If a company such as Duke Energy (DUK) or Exelon (EXC) invests in a new solar farm, the federal government will only offer them two tax reduction incentives: accelerated depreciation and an investment tax credit. To claim them requires the facility to be operating and profitable; the federal government won't be writing any checks for solar operators.

Like all businesses, the federal government allows the solar industry to depreciate equipment. But in solar's case, the federal government allows owners to compress depreciation schedules according to the Modified Accelerated Cost-Recovery System (MACRS). This allows owners to finish expensing depreciation by year six, instead of say, year 25. MACRS doesn't cost the government a dime; business owners were going to depreciate their assets anyway.

The federal government offers solar facilities an investment tax credit (ITC), which amounts to 30% of the equipment's cost. It does not include the cost of land or land improvements. The ITC can only be claimed after the solar facility begins to produce power. Like MACRS, the ITC doesn't cost the government a dime. It's all recovered in subsequent years.

For a short period during the 2008 recession, the federal government did allow owners to convert their ITC into cash via Section 1603 of the American Recovery and Reinvestment Act. It expired last year and there is no serious movement to resurrect it. (So analysts who claim the Solyndra scandal is hurting the solar industry do not understand the landscape.)
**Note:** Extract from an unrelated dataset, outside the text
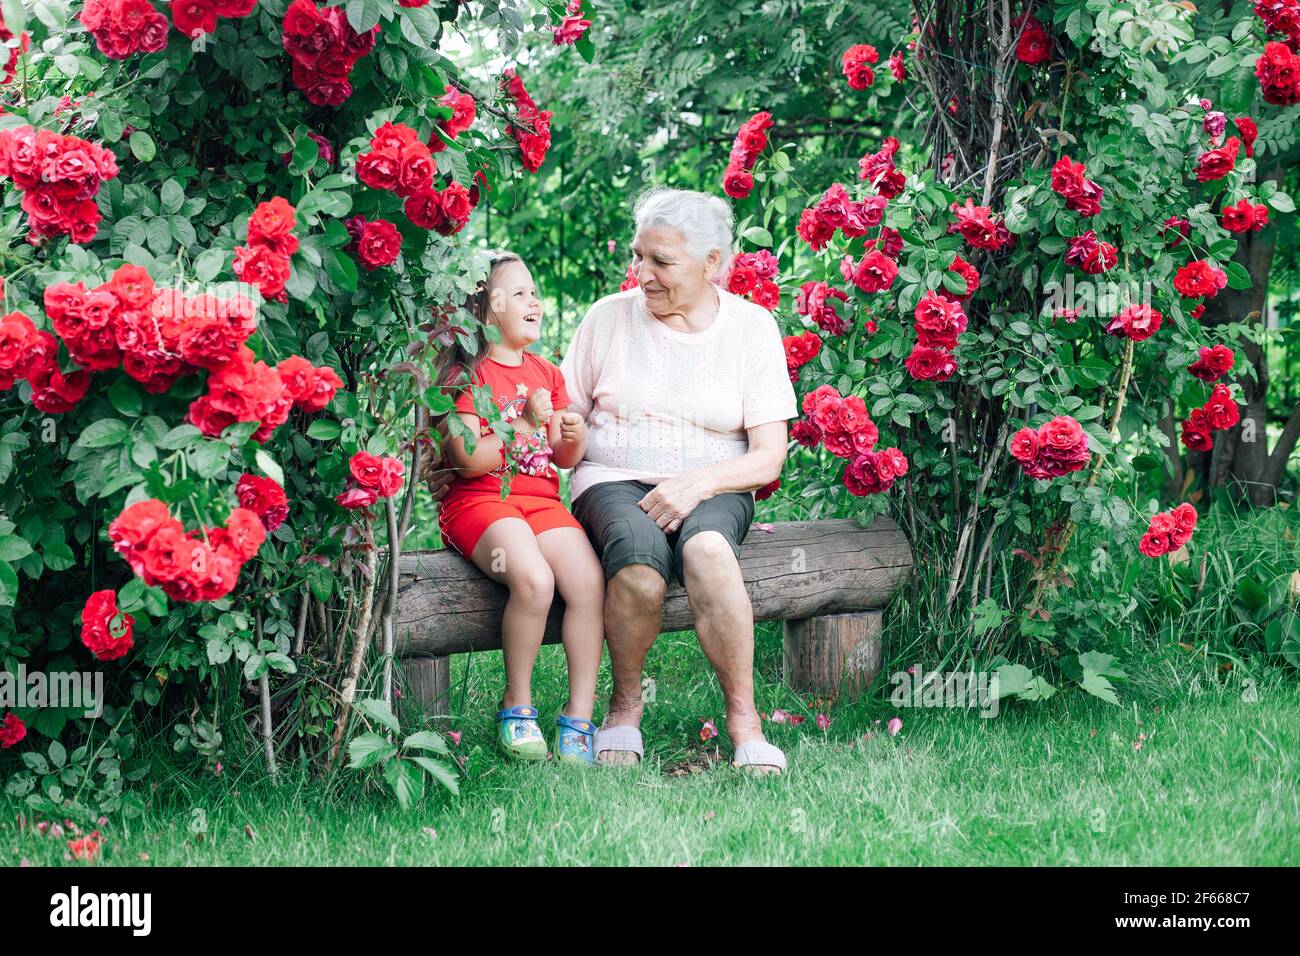 una vecchia nonna racconta alla ragazza storie divertenti da lei infanzia seduta su una panchina fatta di tronchi nel giardino sotto un arco di rose Foto Stock

Few single solar farms have been built in states that do not have incentive programs. Federal tax incentives are necessary, but they are not sufficient. And, contrary to political opinion, federal incentives have a net cost to taxpayers of zero.

When analyzing companies such as  First Solar (FSLR) and SunPower (SPWR), research them from the bottom up. That is, look at their markets on a state-by-state basis, not from a congressional perspective.